Manhattan appeals court chastises police unions over stop-and-frisk

A federal appeals court in Manhattan grilled lawyers representing police unions attempting to disrupt settlement negotiations following a landmark ruling that held New York City liable for constitutional violations against blacks and Latinos.

Three judges from the U.S. Court of Appeals for the Second Circuit questioned the unions’ motives in seeking intervention so late in the litigation — a move that, in practice, has delayed implementation of reforms to the NYPD’s criticized stop-and-frisk policies.

“Now, who controls the police department?” asked U.S. Circuit Judge Barrington Parker, Jr. at one point during the nearly two-hour-long hearing. “Is it the PBA—your clients—or the commissioner?”

U.S. Circuit Judge John M. Walker, Jr. was more pointed.

“What do you hope to gain in the appeal?” he asked. “The city has changed its position. The police force has changed its position. The status quo . . . is simply gone.”

That status quo was the city’s use of stop-and-frisk, which the U.S. Supreme Court has said is legal if conducted with reasonable suspicion. But for almost a decade, former Mayor Michael Bloomberg and Commissioner Raymond Kelly endorsed the practice and defended it in court, denying that the city applied it in a racially discriminatory manner.

But in August 2013, after a lengthy trial, U.S. District Judge Shira Scheindlin ruled the NYPD’s stop-and-frisk policy unconstitutional. The Bloomberg administration appealed the ruling, but Mayor Bill de Blasio — who won the election due in large part to his opposition to stop-and-frisk — dropped the appeal shortly after he took office. His administration quickly entered into settlement negotiations with the plaintiffs in the case.

Unhappy with the city’s change in position, the police unions got involved, claiming in legal filings that stop-and-frisk reform “burdened and besmirched” the force and its reputation.

In July, U.S. District Judge Analisa Torres, in a 108-page decision, roundly denied the unions’ claims.

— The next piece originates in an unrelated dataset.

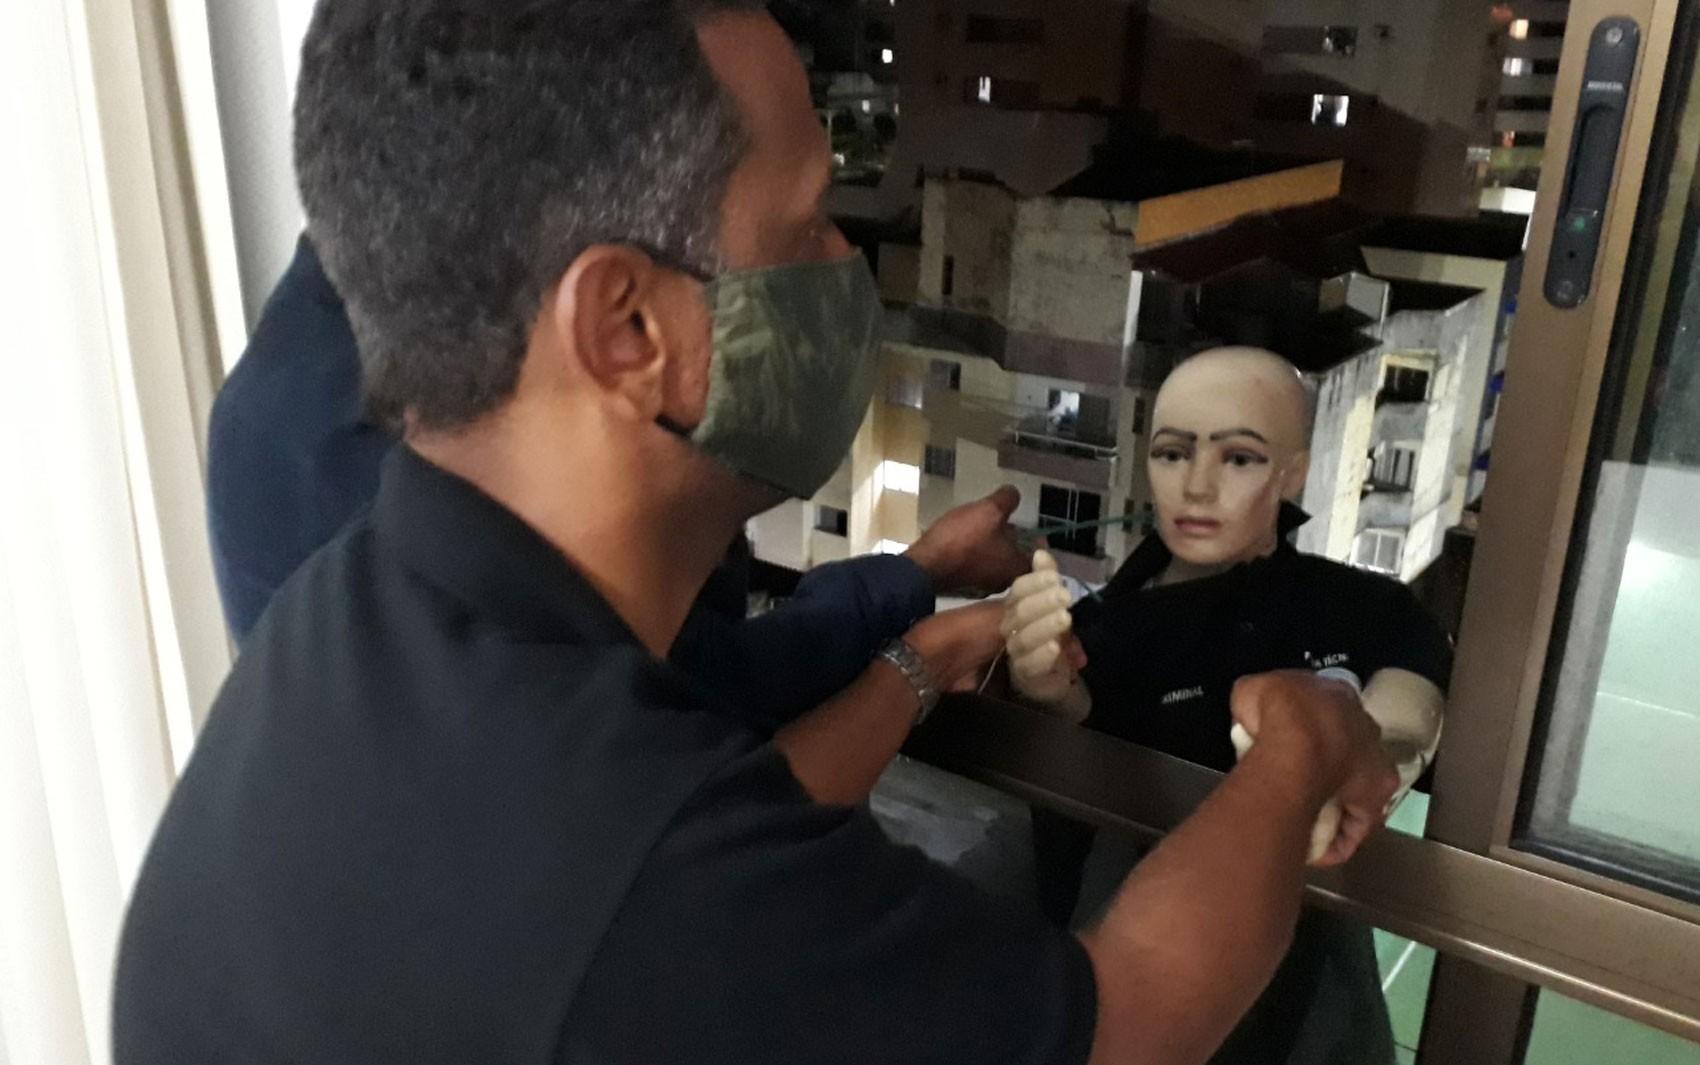 Polícia faz reconstituição do caso da médica que caiu de prédio durante briga com companheiro em Salvador

She ruled that the police unions’ request was untimely, that the unions had no legal “standing” to join the lawsuit, and that they had “no significant protectable interest relating to the subject of the litigation.”

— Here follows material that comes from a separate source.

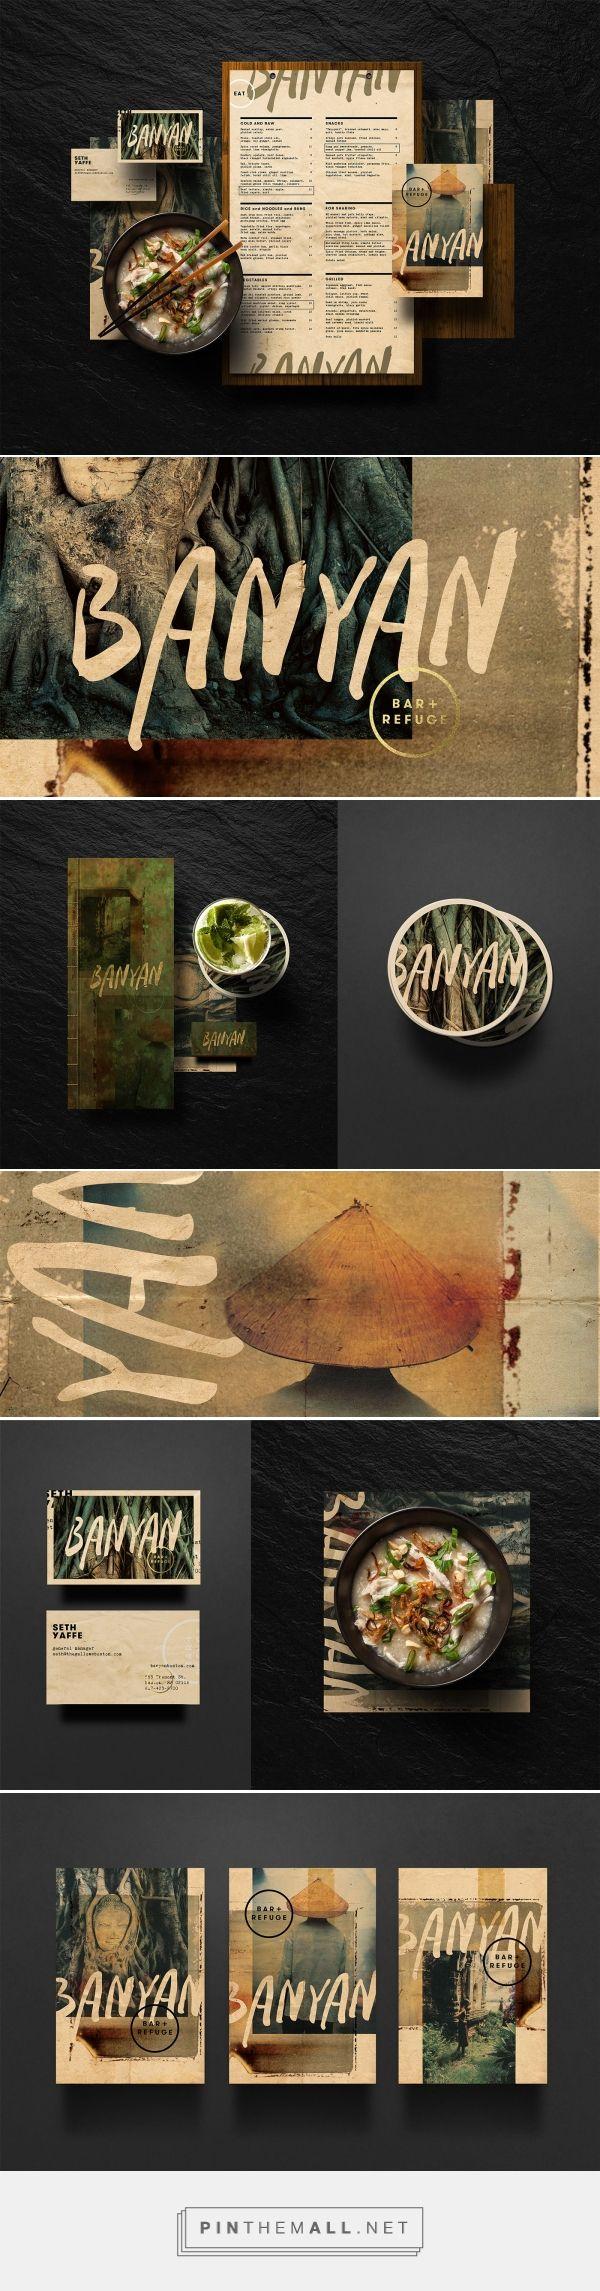 Banyan Bar & Refuge Branding on Behance | Fivestar Branding – Design and Branding Agency & Inspiration Gallery

The judges at Wednesday’s hearing echoed many of Torres’ criticisms, and forcefully brought the unions to task for using the legal process to get a leg up in contract negotiations with the city.

“You’re using this motion to intervene to try and accumulate chips,” Parker told Joseph A. DiRuzzo, an attorney representing the Detectives’ Endowment Association, the Captains Endowment Association, and the Lieutenants Benevolent Association. “You want to use this proceeding as leverage in your collective bargaining, and I don’t think that’s permissible.”

Parker said that, as a result of last year’s election, the city was now under a newly appointed police chief and a newly elected City Council, and that both wanted the NYPD to operate differently.

“That’s the democratic process,” Parker said. “That’s something you have to live with.”

Despite the appellate court’s skepticism to the unions’ arguments, this same three-judge panel — which also includes U.S. Circuit Judge José Cabranes — sent shockwaves through the legal community last year when it removed Judge Scheindlin from the stop-and-frisk proceedings, stating she had “ran afoul” of judicial code-of-ethics provisions by virtue of some interviews she gave in the media and other procedural considerations.

That order, which halted implementation of Scheindlin’s order pending appeal, was roundly criticized by legal experts and court observers, some of whom accused the court of inserting itself in New York City’s mayoral election. The court, apparently in response to the outcry, later back-tracked and issued a new opinion clarifying that Scheindlin had not engaged in misconduct, but stood by its decision to keep her off the case. The bizarre turn of events inspired an article in the Georgetown Journal of Legal Ethics.

A ruling on the police unions’ motion to intervene is expected later this year.